Among the 2017 NSCG new sample cases, the proportion of college-educated individuals that were under 29 years old was 10.4% (using base weights).
Among the 2017 NSCG new sample respondents, the proportion of college-educated individuals that were under 29 years old was 8.4% (using base weights). These cases had a weighted response rate of 52.8% compared to 65.4% overall which led to an underestimate of 8.4% among respondents compared to the estimate of 10.4% among all sample cases.
Among the 2017 NSCG new sample respondents, the proportion of college-educated individuals that were under 29 years old was 10.4% (using the nonresponse adjusted weights) which provides evidence that nonresponse weight adjustment accounted for the differential nonresponse for this age group.

This pattern is repeated throughout, with lower responding groups being underrepresented and higher responding groups being overrepresented. However, the nonresponse weight adjustment does a good job accounting for this differential response by subgroup and brings the weighted respondent distributions closer to the sample distributions.

R-indicators and corresponding standard errors will be provided for each of the four originating sources of sample for the 2019 NSCG (namely, the 2011 ACS, 2013 ACS, 2015 ACS, and 2017 ACS). R-indicators are useful, in addition to response rate and domain estimates, for assessing the potential for nonresponse bias. R-indicators are based on response propensities calculated using a predetermined balancing model (“balancing propensities”) to provide information on both how different the respondent population is compared to the full sample population, as well as which variables in the predetermined model are driving the variation in nonresponse.

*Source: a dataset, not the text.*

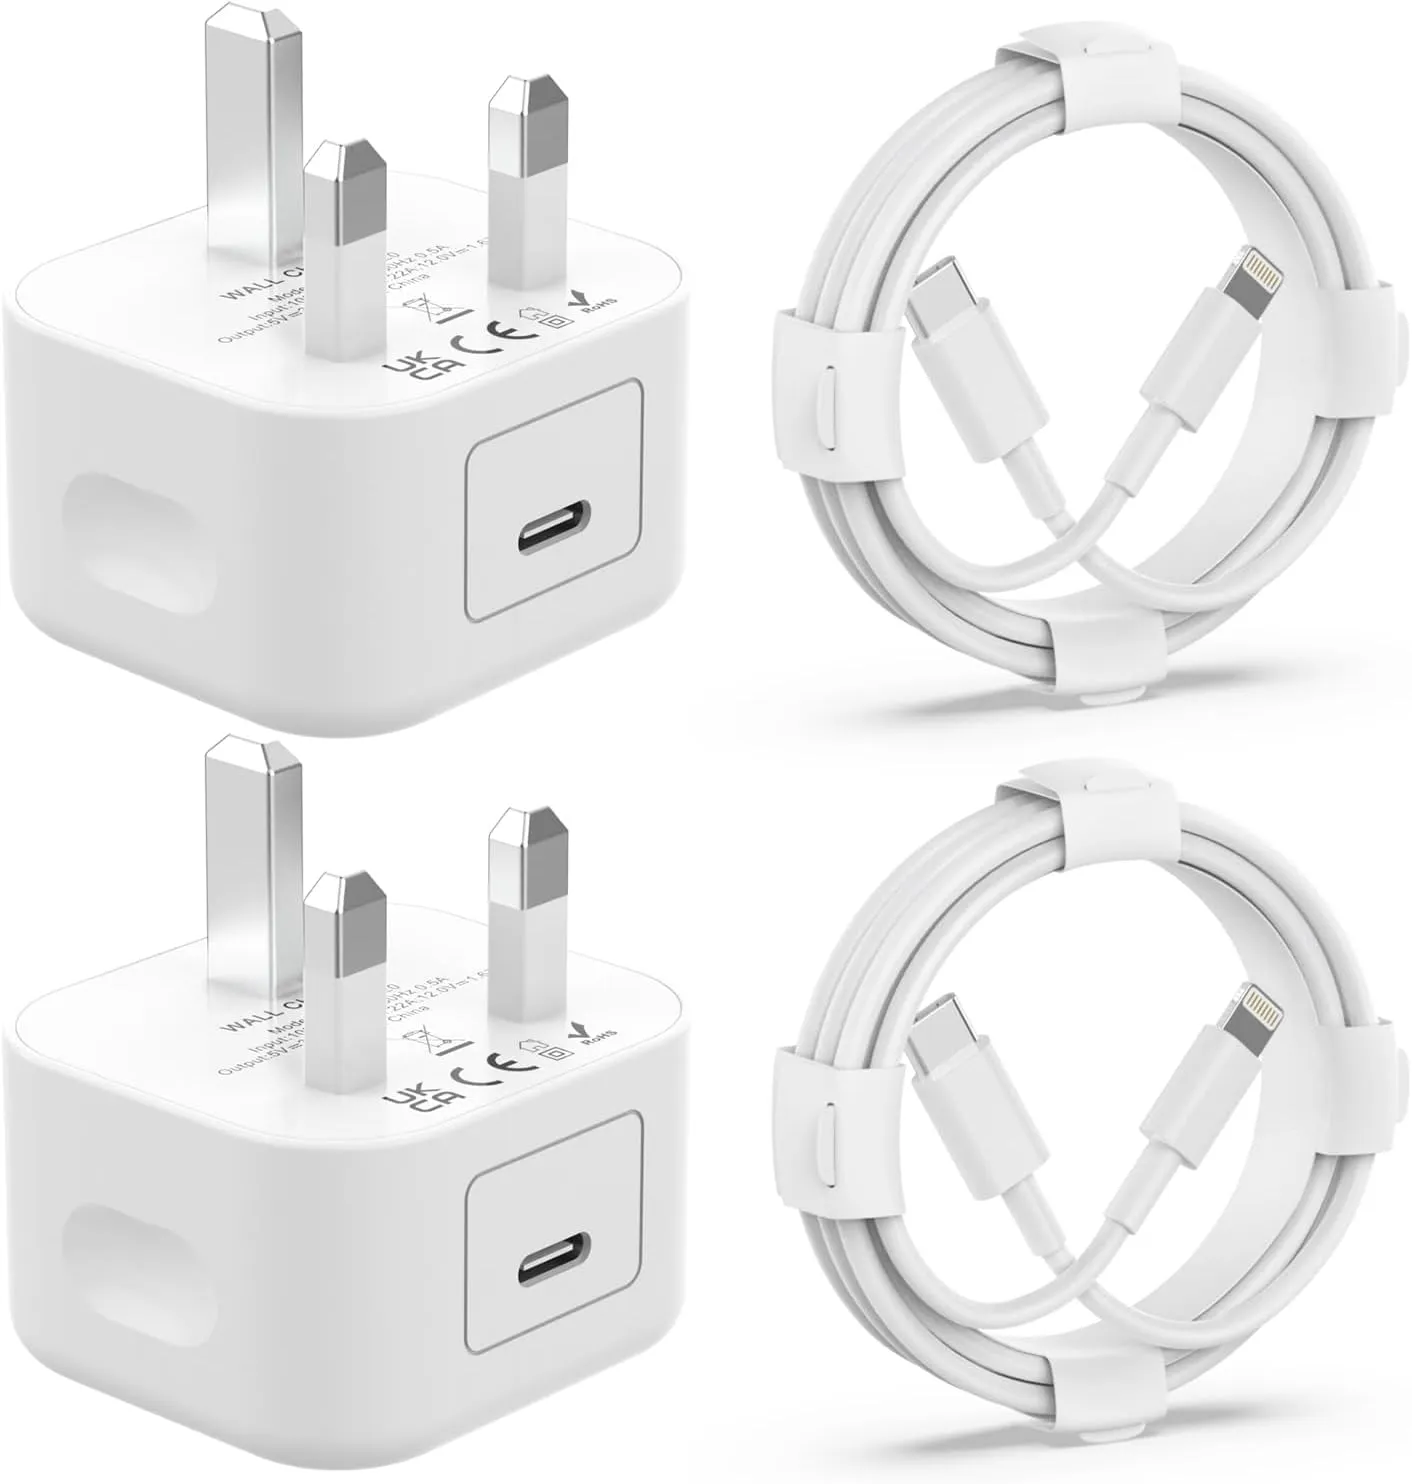 USB C Power Adapter with Fast Charging Cables

Error Resulting from ACS and NSCG Response Inconsistency

Information from the ACS responses is used to determine NSCG eligibility and to develop the NSCG sampling strata. Inconsistency between ACS responses and NSCG responses has the potential to inflate non-sampling error in multiple ways and will be investigated as part of the 2019 NSCG non-sampling error evaluation. Since we use ACS responses to define the NSCG sampling strata, and we have different sampling rates in each of the strata, inconsistency with NSCG responses on the stratification variables leads to a less efficient sample design with increased variances. For example, we sample non-science and engineering (non-S&E) occupations at much lower rates than S&E occupations which leads to large weights for non‑S&E cases and small weights for S&E cases. If a case is identified as non-S&E on the ACS but lists an S&E occupation on the NSCG, then this case with a large weight is introduced into the S&E domain thus increasing the variance of estimates for the S&E domain. The mixing of cases from different sampling strata due to ACS/NSCG response inconsistency thus leads to an inefficient design and contributes to larger variances.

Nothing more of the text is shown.